Why it is Vital to Create a Co-Parenting Relationship Following a Separation

A massive fear for most separating or separated parents is whether the children will be damaged by the process.

Typically, separation is a disorientating experience for all the members of the family. There are literally hundreds of practical and emotional decisions that need to be made, as well as implementing many adjustments to the living arrangements.

A co-parenting relationship is one where both parents think together about the child’s needs and make decisions together that support the child’s emotional, physical and practical needs. A co-parenting relationship is not about your ex-partner. It is about your child’s best interests and loving them above your own hurt, sadness, or resentment. A co-parenting relationship is one of the most important ingredients for children to flourish and develop well post-separation.


The greatest gift for your child

Forming a co-parenting relationship is the greatest gift you could ever give your child. It says “We are still your parents. We look after you. You are still our priority. You are still a child who should just be focusing on your schoolwork, sports, friendships, having fun and learning.” The gift here is freedom, the freedom to continue to be a child following a separation.


Good mental health

Typically, children of parents with a good co-parenting relationship remain emotionally well even if they are sad about aspects of the separation. They thrive and can settle into life with two-family units. Sadly, children do not fare as well when their parents are in continuous conflict. They are more likely to struggle with mental health issues (particularly anxiety and depression), acting out behaviours, and substance abuse.


Allow your child to dream about the future… in the present

When parents create a co-parenting relationship, a child can fantasise about a future where both parents can be in a room together celebrating life with them. This could be future birthdays, graduations, getting married and having children. When parents remain entwined in perpetual conflict or a cold war, a child cannot even imagine their future wedding day without their parents situation ruining the event. It kills the fantasy and they become anxious in the present.

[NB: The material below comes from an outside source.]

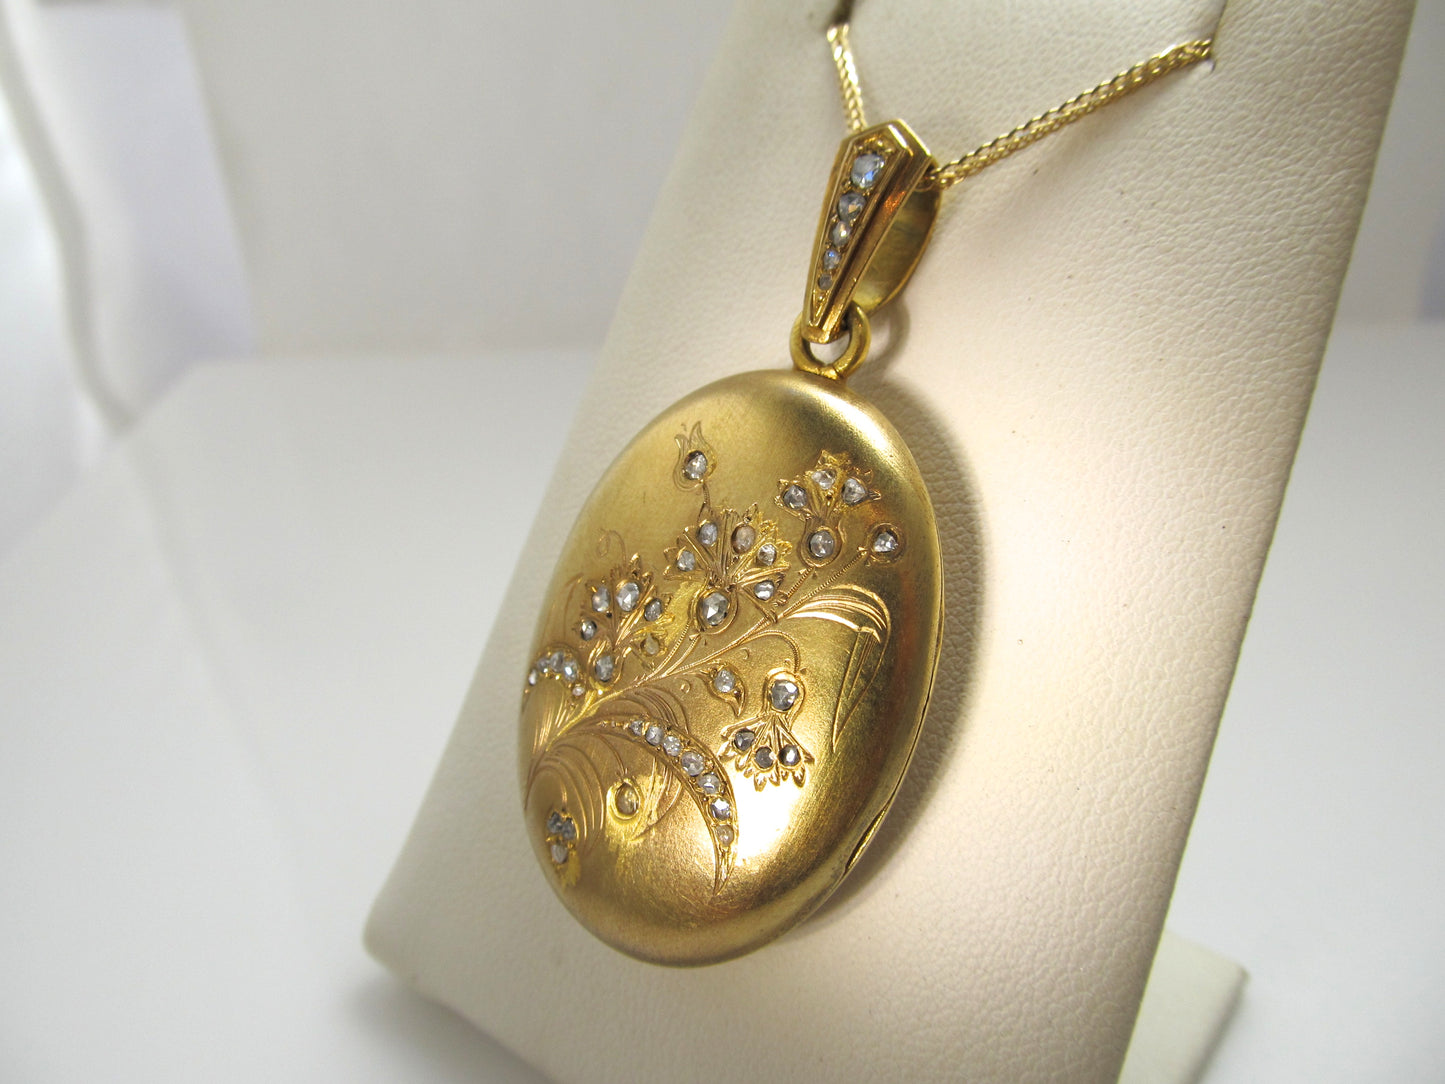 French Victorian 18k locket with rose cut diamonds

Be the parent you would want to have

Stand in your child’s shoes for a moment. Your family unit is dismantling. Your future is uncertain. You do not control the separation process. If you were your child, how would you like your parents to behave at this time? You would absolutely want a co-parenting relationship to be created. You would want the right to love both parents without bitchiness and belittling of the other parent. You would want to have them model respectful communication and demonstrate good decision making. Be the best parent and co-parent for your child that you would want for yourself at this time.


Conflict takes up so much energy

Even one round of conflict with one’s ex is physically and emotionally exhausting. Typically fights leave everyone feeling depleted, unhappy, and require a period of recovery. As much as you feel entitled to your upset or rage with your ex, conflict serves no useful purpose and will only keep your nervous system jangled and your life filled with unhealthy drama.